Participants in the trial received either a daily oral dose of a probiotic cocktail (containing Lacticaseibacillus rhamnosus, Lactobacillus acidophilus, Lactiplantibacillus plantarum, and Enterococcus faecium) or placebo for 12 weeks. When scientists analyzed stool samples before and after, they observed that those taking the probiotic showed enrichment of bacterial groups associated with beneficial gut effects, such as the families Odoribacteraceae and Enterococcaceae, and notably increased levels of the species Blautia faecicola. Odoribacteraceae are known for their potential bile-acid-transforming capacity and may support gut resilience, while Enterococcus faecium, one of the probiotic strains, can thrive in the gut and potentially help crowd out harmful microbes.

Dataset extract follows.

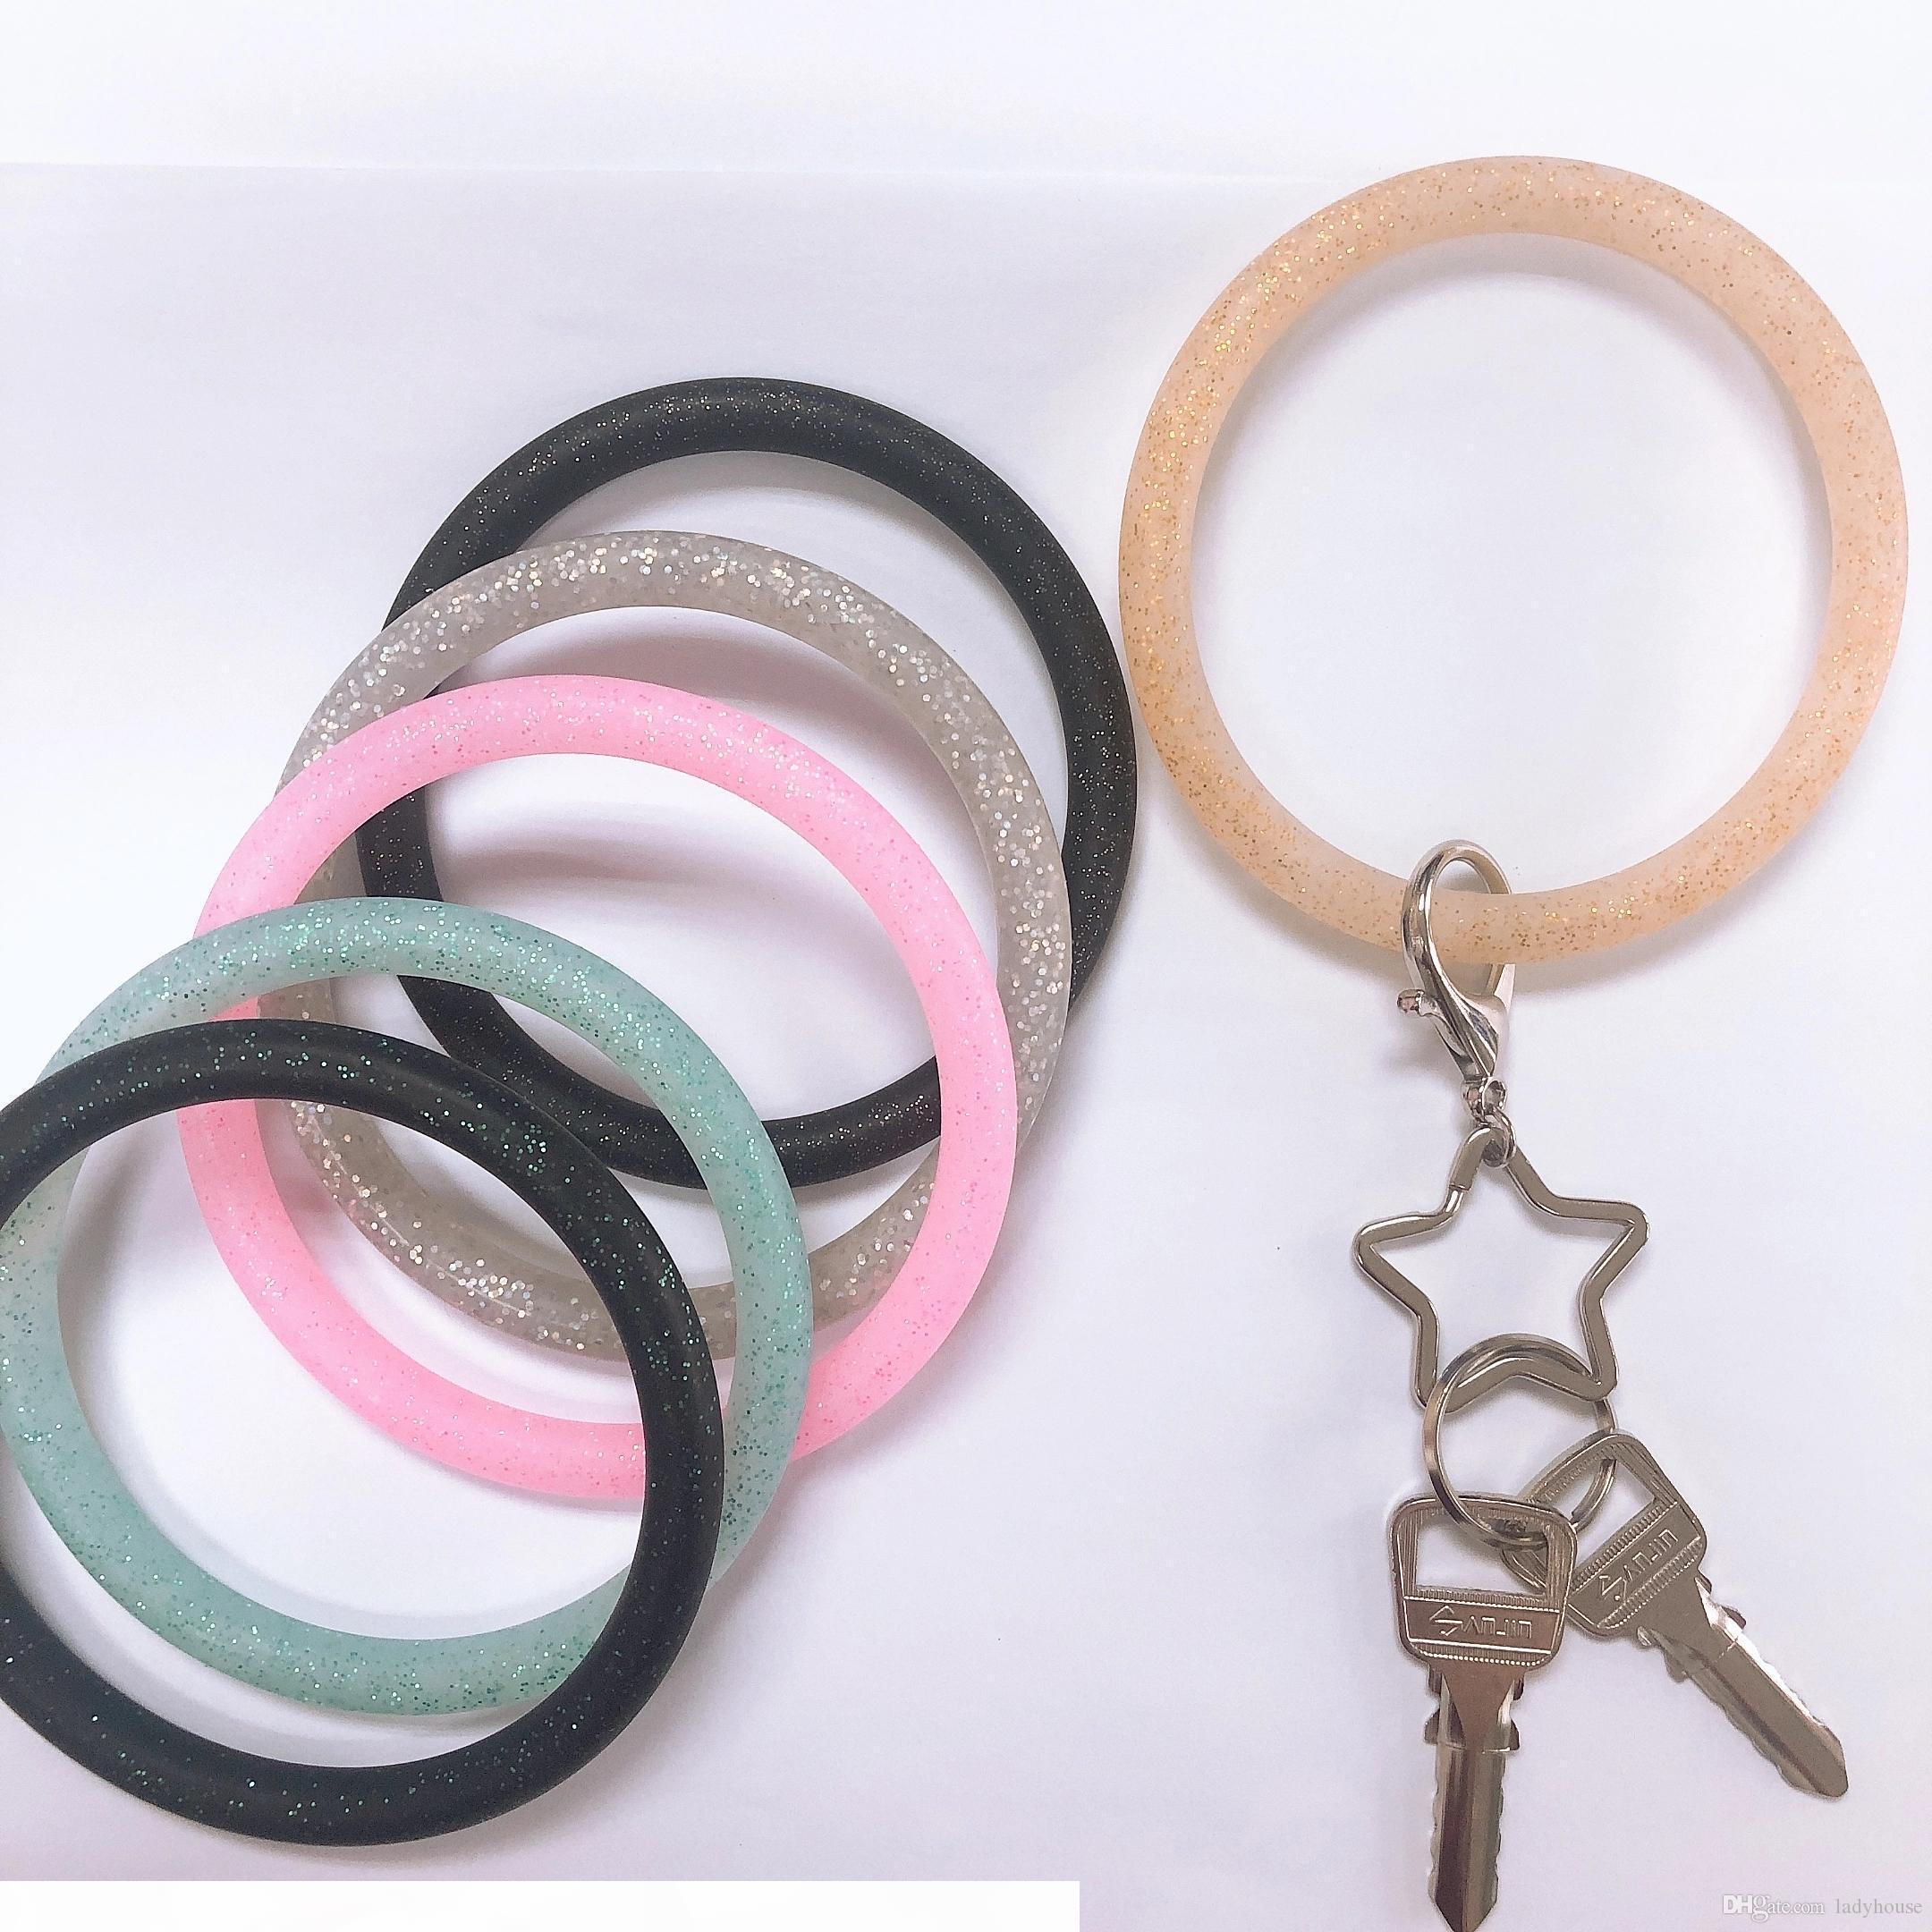 Neue Trend Silikon Bangle Key Ring Handgelenk Keychain Armband Runde Schlüssel Ringe Nette Schlüsselring Heiße Produkte

Importantly, this shift in microbial profile occurred without broad changes in overall gut diversity, suggesting the probiotic selectively boosted certain taxa rather than causing wholesale disruption. On the host side, probiotic-treated participants experienced reductions in systemic inflammatory markers like TNF-α, hinting that microbial modulation may dampen inflammatory signaling. There were also improvements in some Parkinson’s motor and non-motor symptoms, possibly linking enhanced gut function—especially relief of constipation—to better medication absorption and overall wellbeing.
For the science-curious reader, this study illustrates how targeted probiotic interventions can reshape specific components of the gut microbiome in a clinical population and impact systemic biology beyond digestion. It echoes a broader theme in microbiome research: that select microbial taxa and their metabolites are powerful mediators of host physiology, especially in conditions where the gut-brain axis plays a key role.